Basic Business availability (Basic Availability)

Flexible state (Soft state)

Final consistency (Eventual consistency)

Similarly, distributed transactions partially follow the ACID specification:

Atomicity: strictly follow

Consistency: the consistency after the completion of the transaction is strictly followed; the consistency in the transaction can be appropriately relaxed.

Isolation: non-interference between parallel transactions; visibility of intermediate results of transactions allows security relaxation

Persistence: strictly follow

2. The solution of distributed transaction

Due to the distributed transaction scheme, the guarantee of complete ACID can not be achieved, and there is no perfect solution that can solve all business problems. Therefore, in practical application, the most suitable distributed transaction scheme will be selected according to the different characteristics of the business.

2.1 two-phase commit / XA

XA is a distributed transaction specification proposed by X/Open. XA specification mainly defines the interface between (global) transaction manager (TM) and (local) resource manager (RM). Local databases such as mysql play the role of RM in XA

XA is divided into two phases:

The first phase (prepare): the RM of all participants prepares to execute the transaction and locks the required resources. When the participant ready, report to TM that you are ready.

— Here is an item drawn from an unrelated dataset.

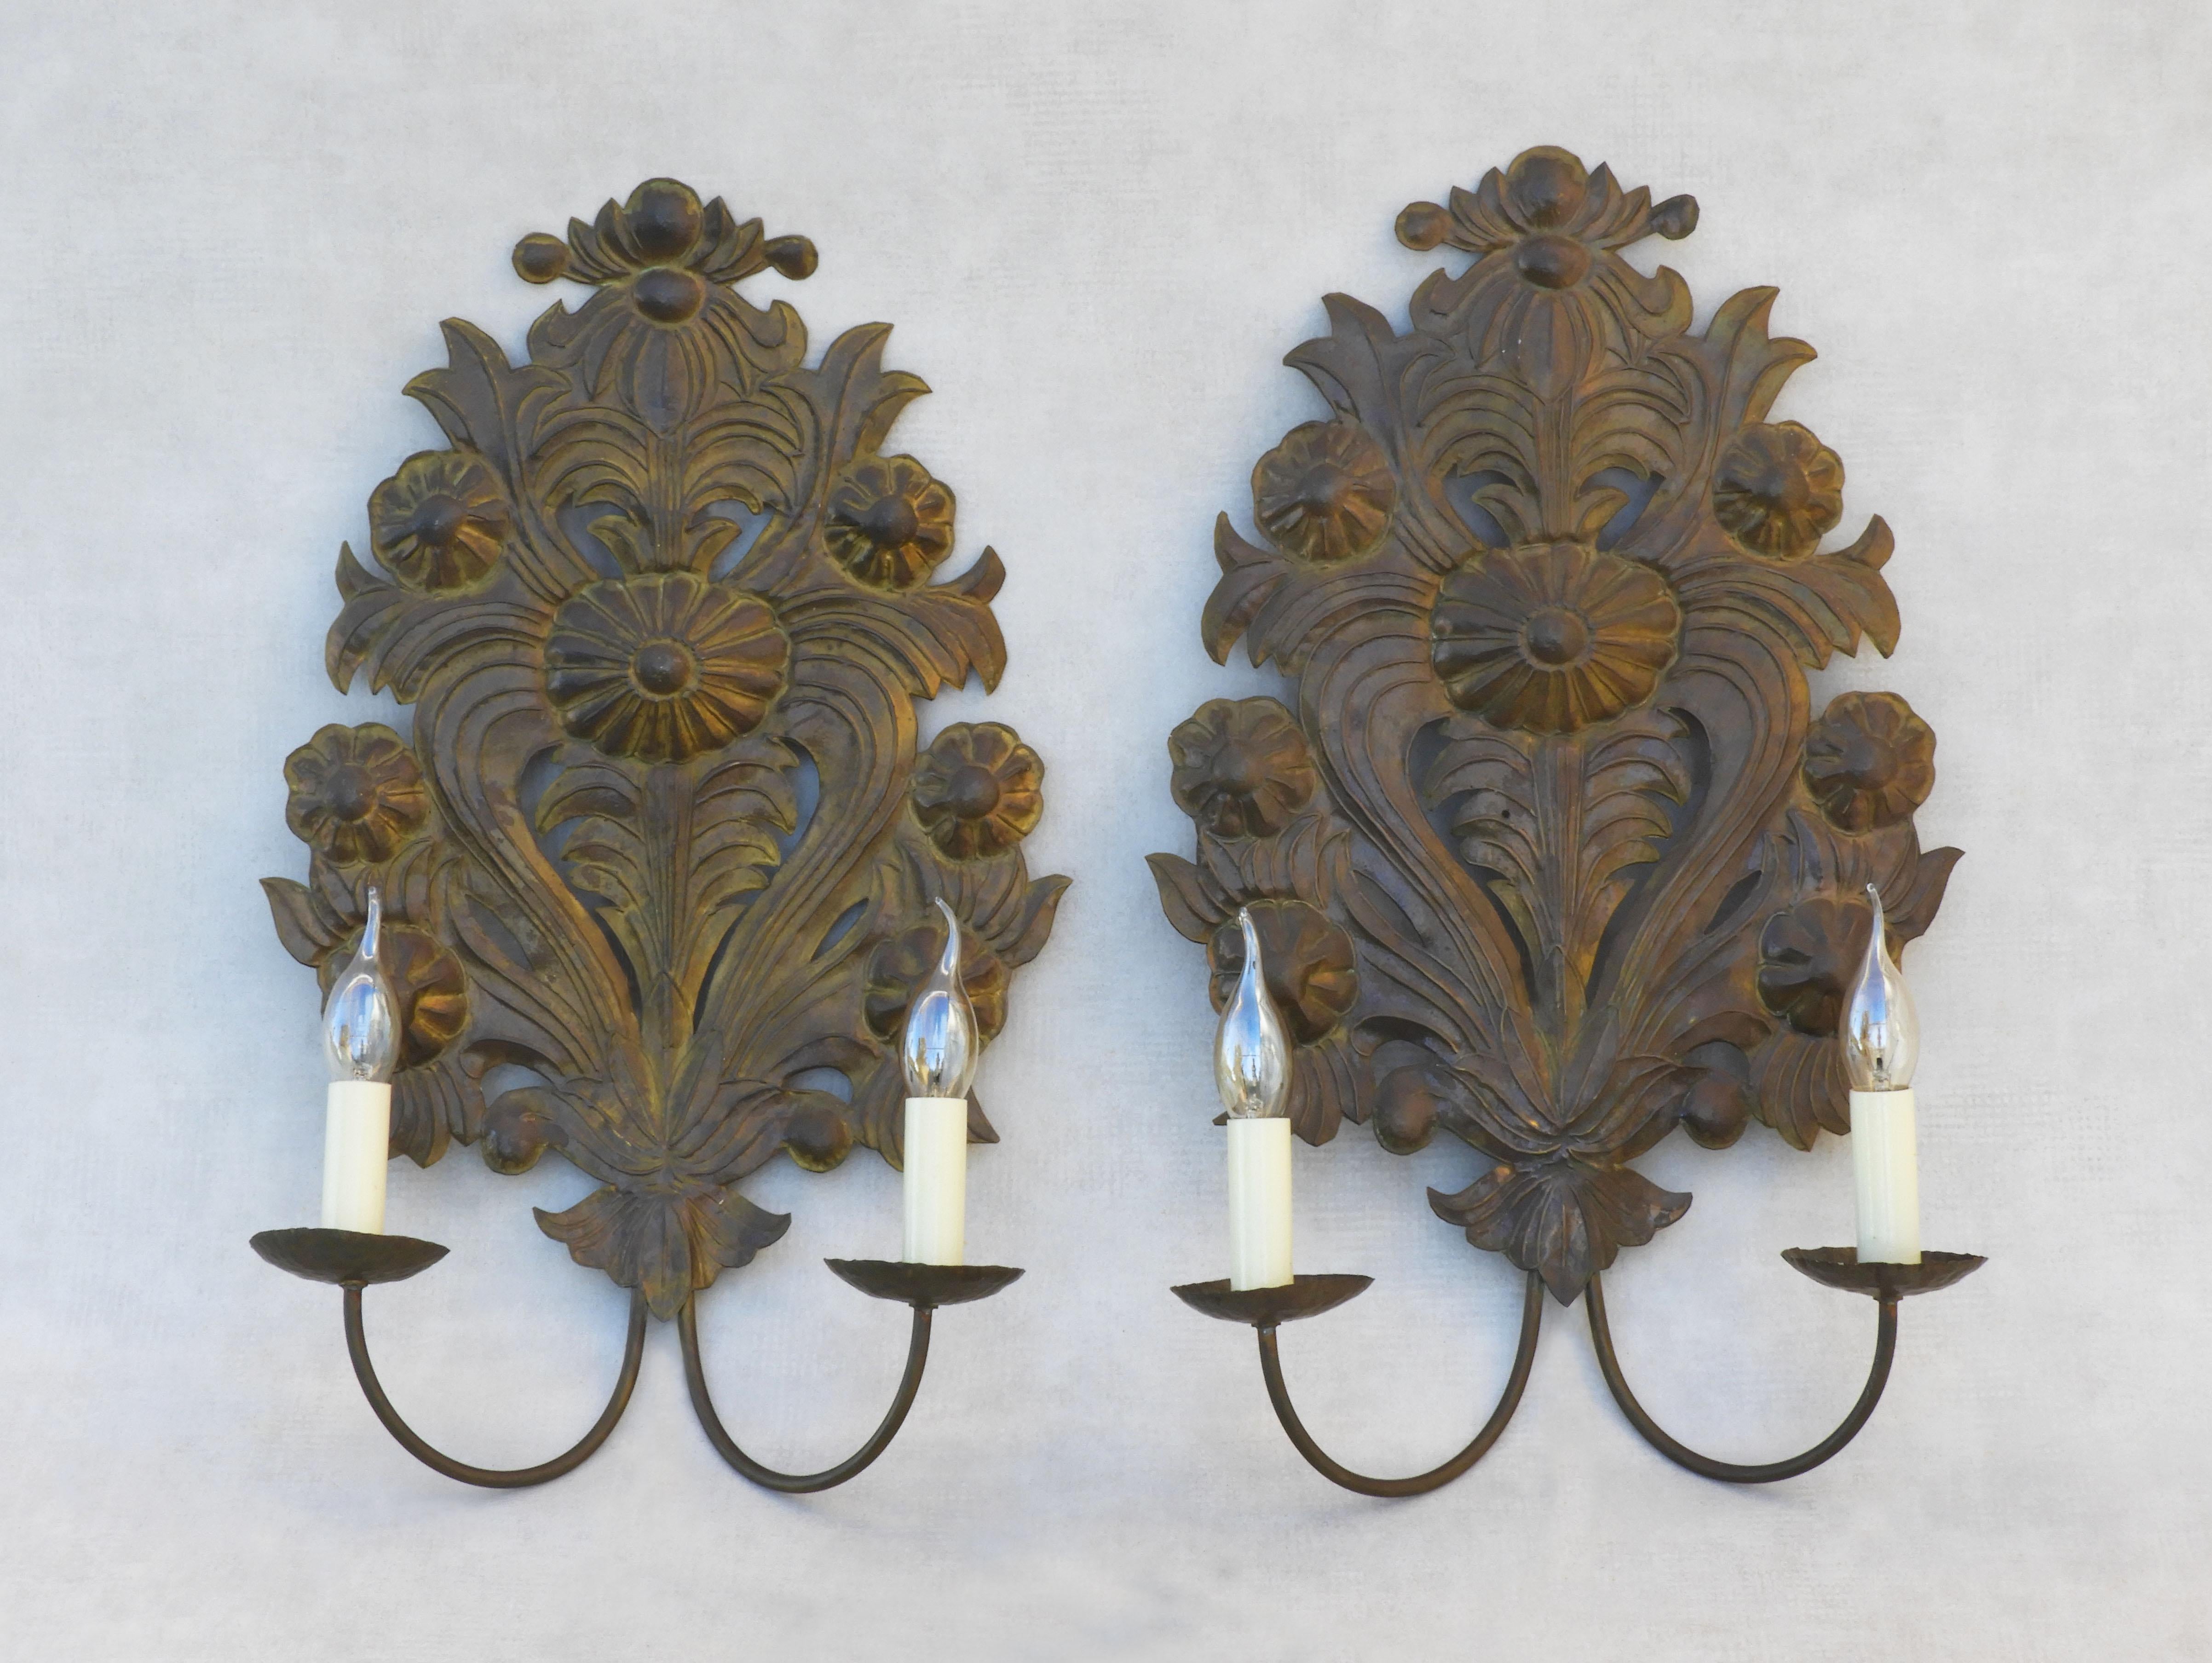 20th Century Pair of Large French Floral Wall Light Sconces Tôle Repoussé C1900 FREE SHIPPING

The second phase (commit/rollback): when the transaction manager (TM) confirms that all participants (RM) are ready, a commit command is sent to all participants.

At present, most mainstream databases support XA transactions, including mysql, oracle, sqlserver, and postgre.

XA transactions consist of one or more resource managers (RM), a transaction manager (TM), and an application (ApplicationProgram).

The three roles of RM, TM and AP are the classic role division, which will run through the subsequent transaction modes such as Saga, Tcc and so on.

Taking the above transfer as an example, the sequence diagram of a successfully completed XA transaction is as follows:

If any of the participants' prepare fails, TM notifies all participants who have completed the prepare to roll back.

The characteristics of XA transactions are:

Simple and easy to understand, easy to develop

The resources are locked for a long time, and the concurrency is low.

If readers want to further study the XA,go language, as well as PHP, Python, Java, C#, Node, etc., you can refer to DTM.

2.2 SAGA

Saga is a scheme mentioned by sagas in this database paper. Its core idea is to split the long transaction into several local short transactions, which is coordinated by the Saga transaction coordinator. If it ends normally, it is completed normally. If a step fails, the compensation operation is called once according to the opposite order.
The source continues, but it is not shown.